We present the unusual association of HCC with a new subtype of ICC, known as “ductal plate malformation (DPM),” in a patient with hemoperitoneum. As no similar cases were reported in Medline or Web of Science databases, the clinicopathological features of this rare entity will be presented based on an extensive review of the literature.
Case
2
Clinical Findings
2.1
A 67‐year‐old male patient was admitted to the Emergency Department of Emergency County Clinical Hospital of Targu‐Mures, Romania, complaining of right hypochondrial pain, general weakness, melena, and weight loss.
Timeline
2.2
The 67‐year‐old male patient had previously been diagnosed with systemic hypertension and diabetes mellitus type 2. He was a smoker and had been abstinent from alcohol for 1 year. The patient's medical history was negative for drug consumption, blood transfusion, hepatitis, and liver cirrhosis, and there was no significant family history of liver disease. At the present admission, abdominal magnetic resonance imaging (MRI) revealed a hemoperitoneum that was caused by rupture of a liver tumor and emergent surgery was decided (Figure 1).
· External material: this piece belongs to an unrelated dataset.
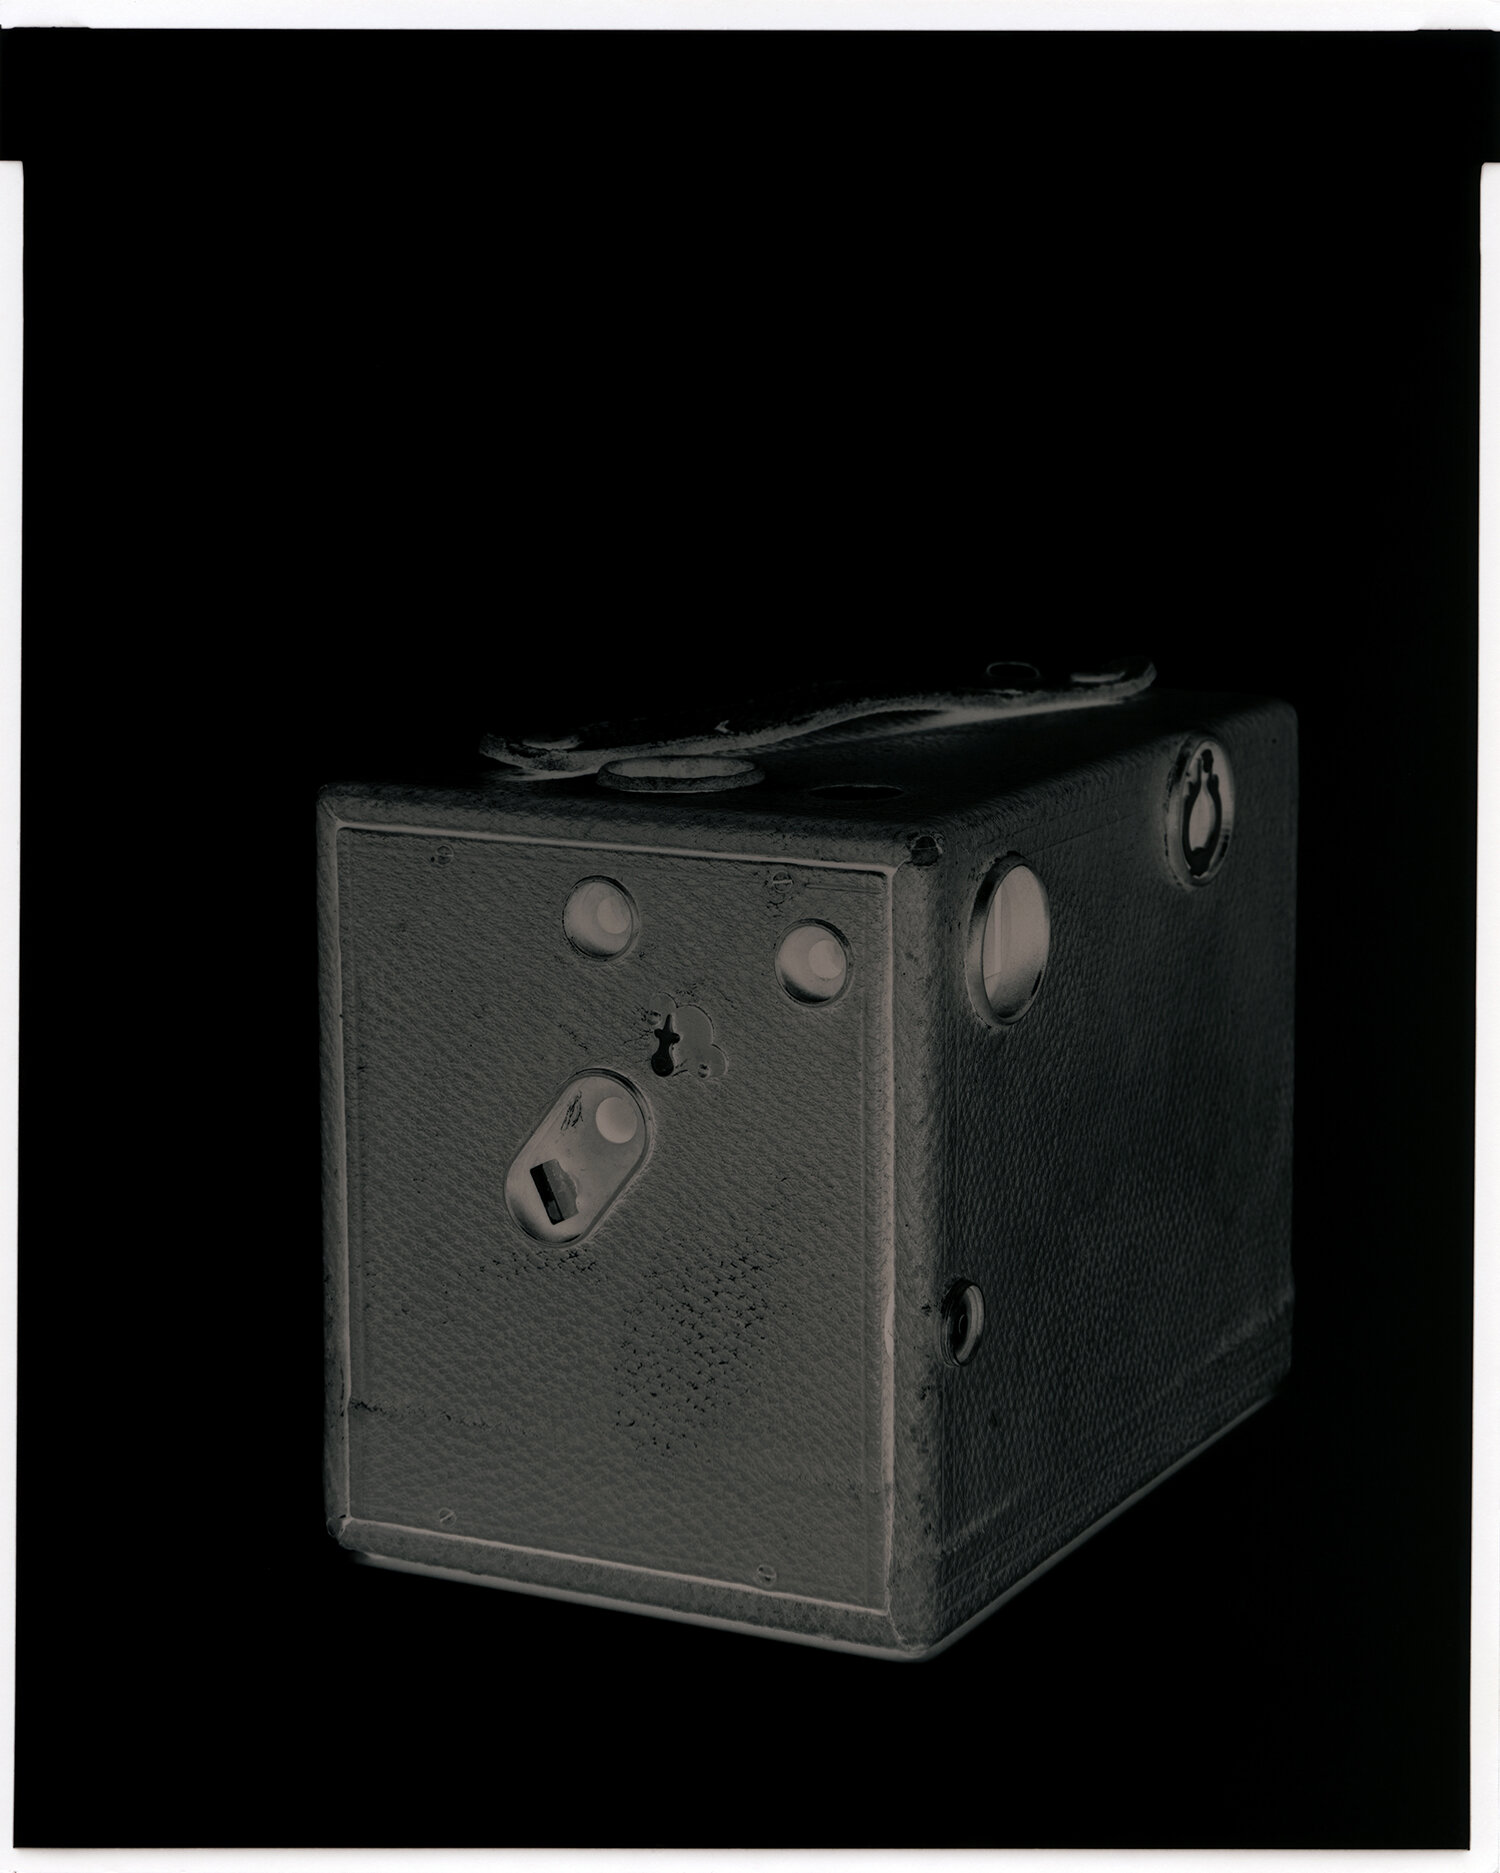 Eliot Porter's Kodak Box Camera, 2014

Timeline of a 67‐year‐old patient with synchronous HCC and ICC with a DPM component.
Diagnostic Assessment
2.3
The MRI revealed hemoperitoneum and a relatively well‐defined tumor mass measuring 33 × 33 × 41 mm^3^ located in the fifth/sixth segments of the liver. The tumor, which was called “tumor A,” had low signal intensity on T1‐weighted imaging (T1WI) and high intensity on T2WI, with arterial‐enhancing and delayed wash‐out and diffusion restriction as indicators of malignancy, suggesting an HCC (Figure 2).
Abdominal magnetic resonance imaging (MRI) indicates a tumor mass located in the sixth segment of the liver—(A) Hyperintense round/oval nodule in the right lobe; (B) heterogeneity appearance of the HCC; and (C) DWI shows diffusion restriction of the nodule.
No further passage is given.